# New pex fittings



## smoldrn (Oct 4, 2010)

Anybody using the new plastic pex fittings yet? I saw some yesterday & couldn't believe how cheesy they looked. The rep was trying to say that they're stronger than brass fittings. Lead free.
Reminded me of plastic fittings on poly...scary.


----------



## Plumber patt (Jan 26, 2011)

They actually arent terrible, we have been using them for some while now and haven't had any issues, but I guess only time will tell


----------



## Phat Cat (Apr 1, 2009)

Yep, seen them. I don't care what the reps. say. Hard to re-pipe an old poly home with plastic fittings and tell the customer "this new PEX pipe and plastic fittings are much better than the poly pipe with plastic fittings." :blink:

Let someone else 'test' them for the long haul with their customers.


----------



## ckoch407 (Sep 30, 2009)

Try hitting one with a hammer and then a brass one. You'll be surprised. Not only that, they are also resistant to chlorine and aggressive water.


----------



## ckoch407 (Sep 30, 2009)

PS: Zurn and Uponor also have the only warranty that covers property damage if it fails. I don't know about anyone else, but that's putting your money where your mouth is.


----------



## U666A (Dec 11, 2010)

ckoch407 said:


> PS: ... but that's putting your money where your mouth is.


I'll say!

Sent from my iPhone using PlumbingZone


----------



## Phat Cat (Apr 1, 2009)

ckoch407 said:


> PS: Zurn and Uponor also have the only warranty that covers property damage if it fails. I don't know about anyone else, but that's putting your money where your mouth is.


Warranties mean nothing if a manufacturer goes under. Just sayin'


----------



## GREENPLUM (Jul 27, 2008)

ckoch407 said:


> Try hitting one with a hammer and then a brass one. You'll be surprised. Not only that, they are also resistant to chlorine and aggressive water.


 
ive done that test too, just not to a fitting that has been in use for 10 years


----------



## GREENPLUM (Jul 27, 2008)

:thumbsup::thumbsup:


PlumbCrazy said:


> Yep, seen them. I don't care what the reps. say. Hard to re-pipe an old poly home with plastic fittings and tell the customer "this new PEX pipe and plastic fittings are much better than the poly pipe with plastic fittings." :blink:
> 
> Let someone else 'test' them for the long haul with their customers.


 
:thumbup::thumbsup::thumbup::thumbsup::thumbup::thumbsup:


----------



## sheeptown44 (Oct 31, 2010)

Try sprinkling some primer on one and see what happens, danger danger they become very fragile. So be carefule with the primer around them!


----------



## RealLivePlumber (Jun 22, 2008)

ckoch407 said:


> PS: Zurn and Uponor also have the only warranty that covers property damage if it fails. I don't know about anyone else, but that's putting your money where your mouth is.

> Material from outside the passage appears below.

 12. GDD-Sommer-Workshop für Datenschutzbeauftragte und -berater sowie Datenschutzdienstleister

Yeah, Zurn has a warranty.:whistling2: 

Like the split heat pex I posted about a month ago. I mailed in thier claim form, and the pipe. Now, no one will even return a phone call or e-mail. :furious:

I'm goin back to copper, baby. :thumbsup:

A warranty is no good if no one will honor it. 

BTW, the fine print on the warranty says you must use the same manufacturers pipe and fittings. Good luck with that. All of the local supply houses now have a hodge podge of materials. Some Zurn, a few Uponor, a couple marked "Korea". A few sticks if pipe from every manufacturer and their mother. I think that the manufacturers are purposely back ordering things, so the parts house will have no choice but to source it from someone else, to keep it on the shelf. 

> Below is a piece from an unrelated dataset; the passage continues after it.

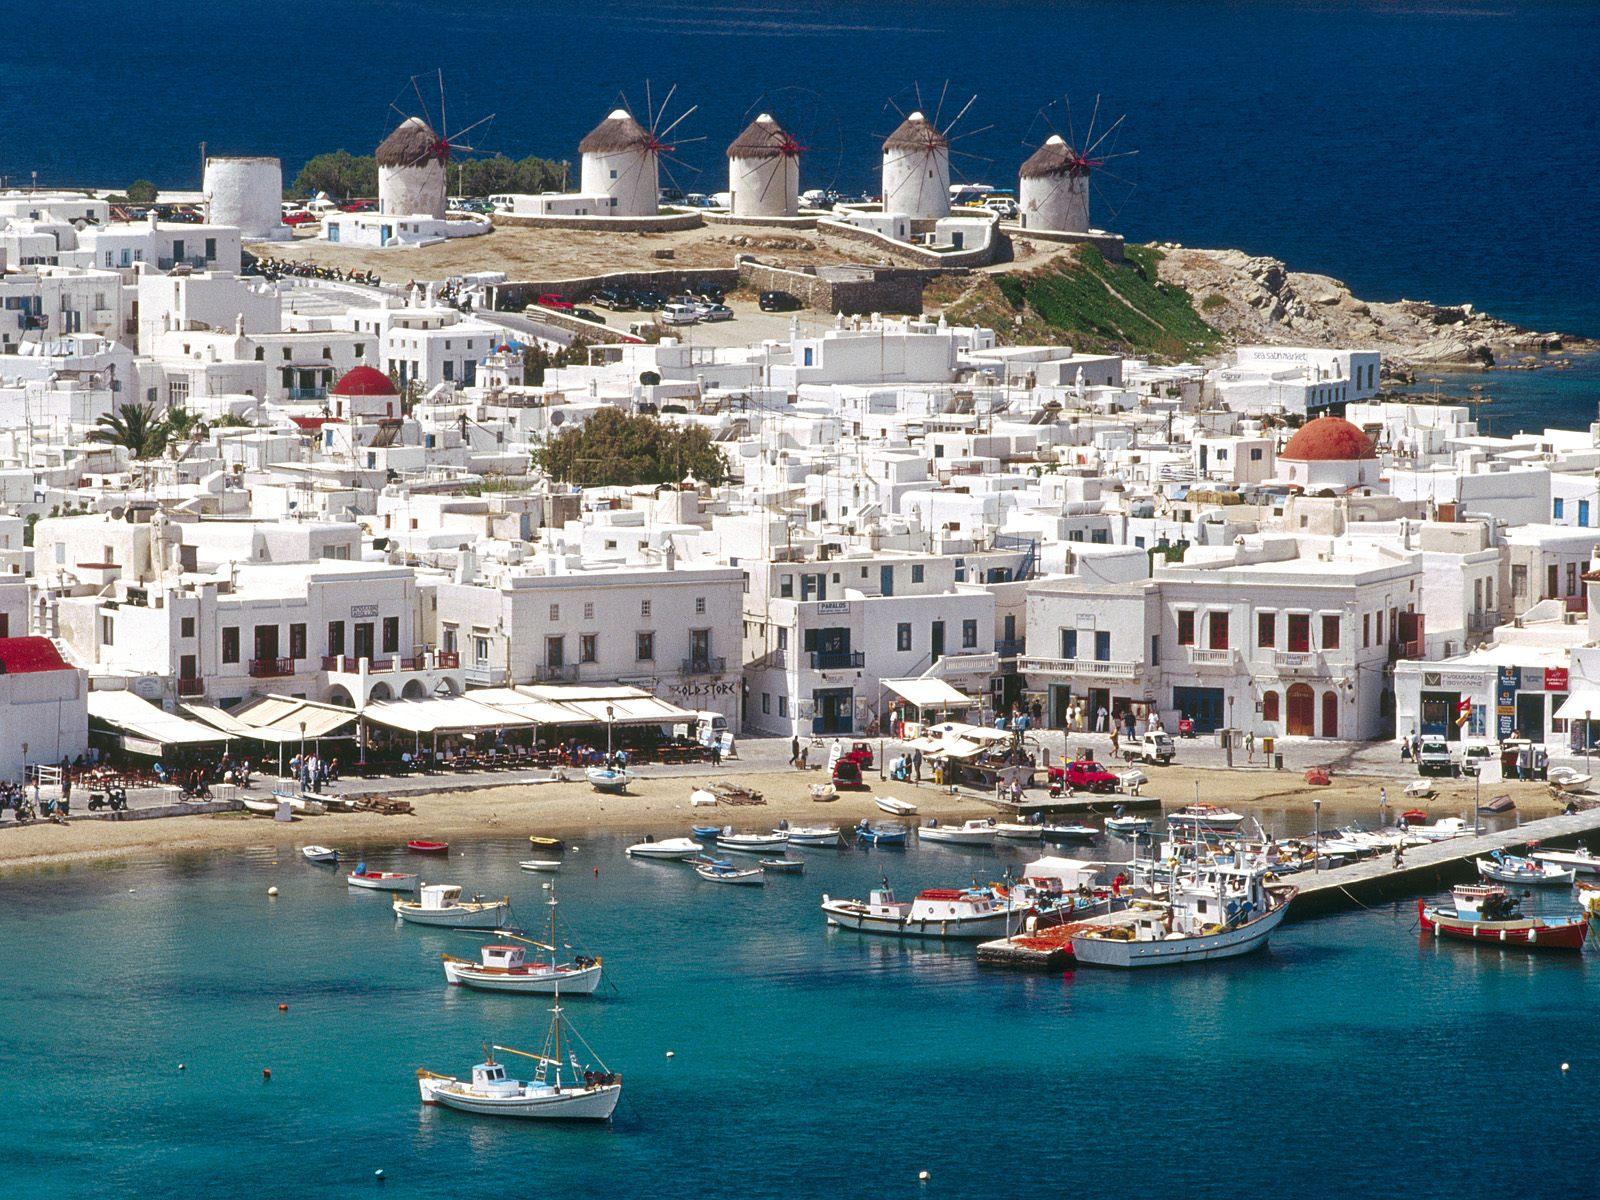 Vacances en Grèce : visiter les îles grecques

I have tried to purchase Viega, exclusively from one supplier. I buy it in bulk, and stock it in my shop. The last bag of 1/2" elbows I got was a genuine Viega bag, with crummy cast elbows, marked "Korea" I called the rep, and he said "Ah, don't worry about it. They just do that if they need to fill in material they are short on. " 

Good luck with that warranty.


----------



## Widdershins (Feb 5, 2011)

PlumbCrazy said:


> Warranties mean nothing if a manufacturer goes under. Just sayin'


 Both Uponor and Zurn have been around forever.


----------



## Phat Cat (Apr 1, 2009)

Widdershins said:


> Both Uponor and Zurn have been around forever.


So they are too big to fail . . . now where have I heard that before?

Lehman Bros. had been around forever and they are no longer.


----------



## Widdershins (Feb 5, 2011)

sheeptown44 said:


> Try sprinkling some primer on one and see what happens, danger danger they become very fragile. So be carefule with the primer around them!


 WTF?

If you're careless enough to knock over a can of volatile chemicals, then you deserve exactly what you get.


----------



## Widdershins (Feb 5, 2011)

PlumbCrazy said:


> So they are too big to fail . . . now where have I heard that before?
> 
> Lehman Bros. had been around forever and they are no longer.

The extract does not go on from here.